5 Insurance Scams and Other Risks Posed by the Gig Economy

The ability to share resources and services is creating a new way to do business. Smartphone applications have made it simple to connect buyers and sellers to make use of their spare time, expertise, and unused assets.

It has created a whole new type of economy referred to as the shared, or gig economy. While it has created opportunity for many, it has also created a new category of risk and fraud when it comes to insurance.

What is the gig economy?

Composed of independent contractors and freelancers, the gig economy is made up of temporary and flexible jobs rather than traditional full-time employment. Workers typically work multiple short-term jobs, or ‘gigs’ on either a part or full-time basis.

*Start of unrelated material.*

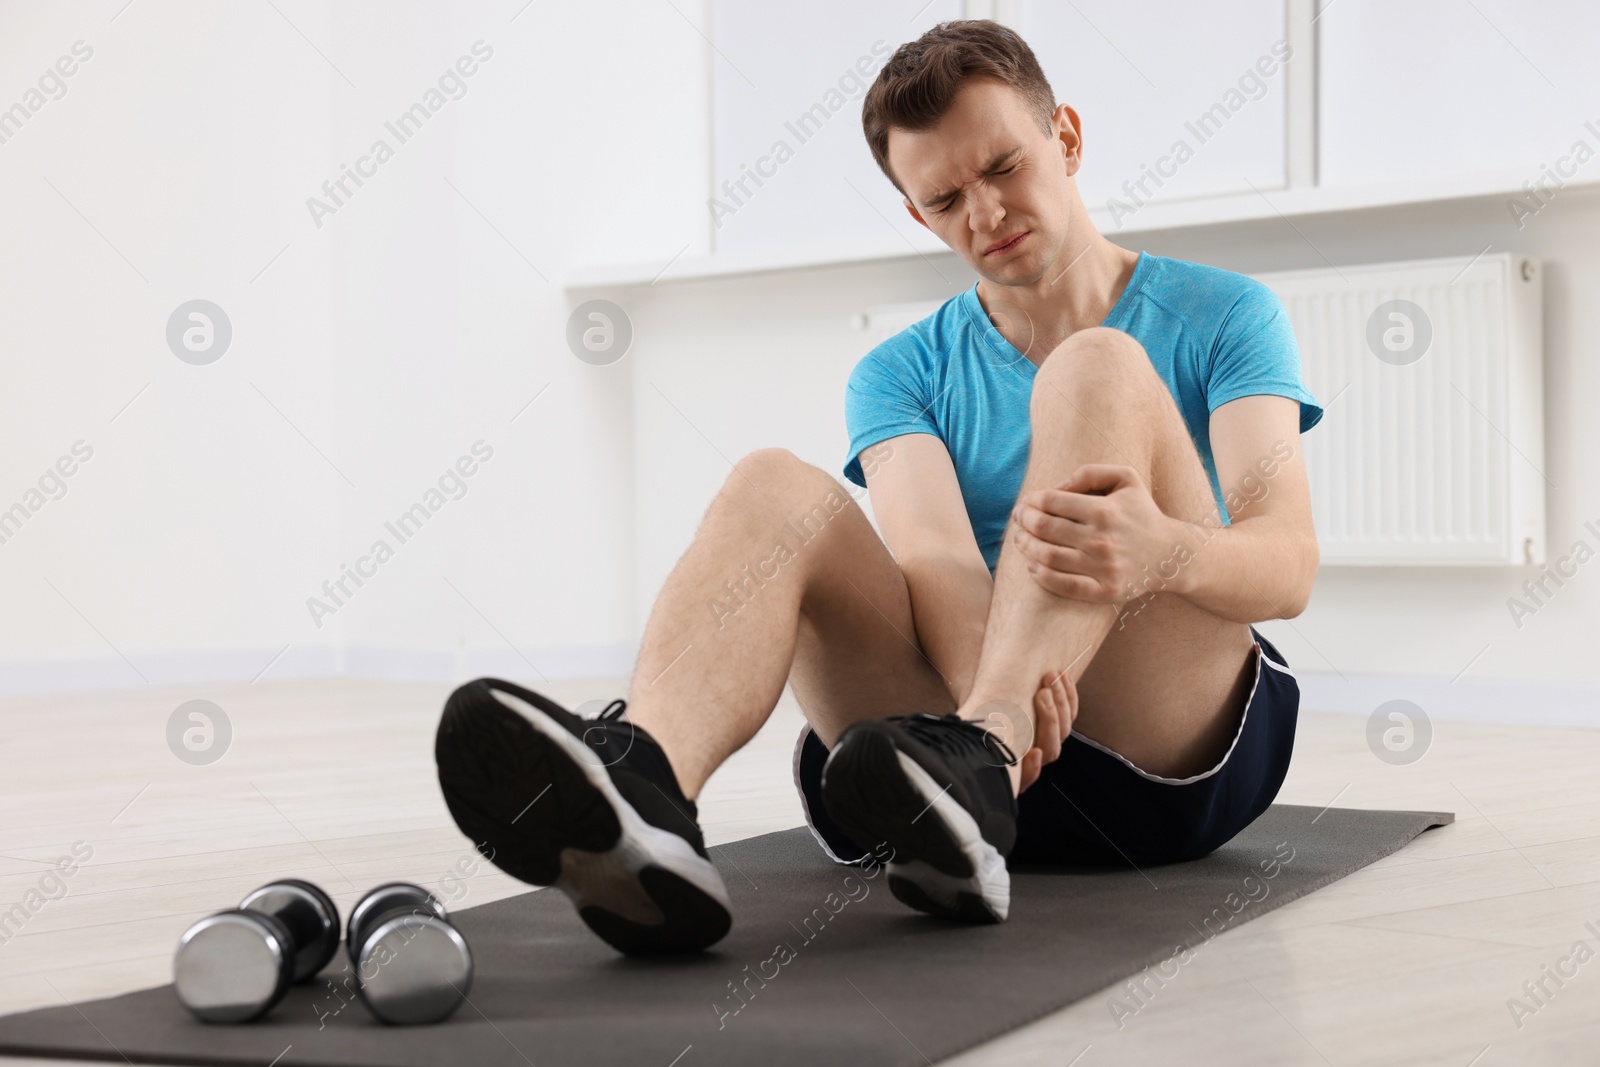 Photo of Man suffering from leg pain on mat indoors

The majority of these gigs are made available on an increasing number of marketplaces that match buyers and sellers for a fee.

The type of work available in the gig economy can be boiled down to two categories:

Labor-based gigs enable workers to provide activities or complete tasks like driving a car, delivering parcels or food, or providing digital services. It enables them to exchange their time for income.

Asset-based gigs enable owners to rent or sell their assets, making money on the things they already own that are otherwise going unused.

Want to rent your home? Check out Airbnb, VRBO, or Home Exchange
Sell your services? Upwork and Fiverr is the place to be
Rent your car? Turo, Zipcar, Car2Go or GetAround
Need a ride? Uber and Lyft
How about a bicycle? Spinlister
Need a dog sitter? DogVacay
You can even rent a pilot or private plane? OpenAirplane, AirPooler and FlightClub

The gig economy empowers individuals with access to unlimited work opportunities. For some, it’s an additional way to earn income, and for others, replace it entirely. More and more apps and marketplaces are becoming available, opening opportunities in additional markets and industries.

However, those opportunities have not come without risk.

Gaps in coverage

When it comes to renting a home, risk can range from something as small as leaving a door unlocked or a window open to the damage associated with appliances and equipment being improperly operated or even illegal activities occurring that break the terms of the agreement.

Having strangers in your car opens you up to risk in the unfortunate event of an accident. But not just for the driver. If you are the passenger of a ride-sharing service, how are you protected?

Since the products offered by the insurance industry haven’t quite caught up to the gig economy, there are gaps in the insurance products that are available. There may also be overlapping policies that offer different coverage based on very particular circumstances.

So risk is not just associated with the buyers or sellers who participate in the gig economy, but the insurers who cover them.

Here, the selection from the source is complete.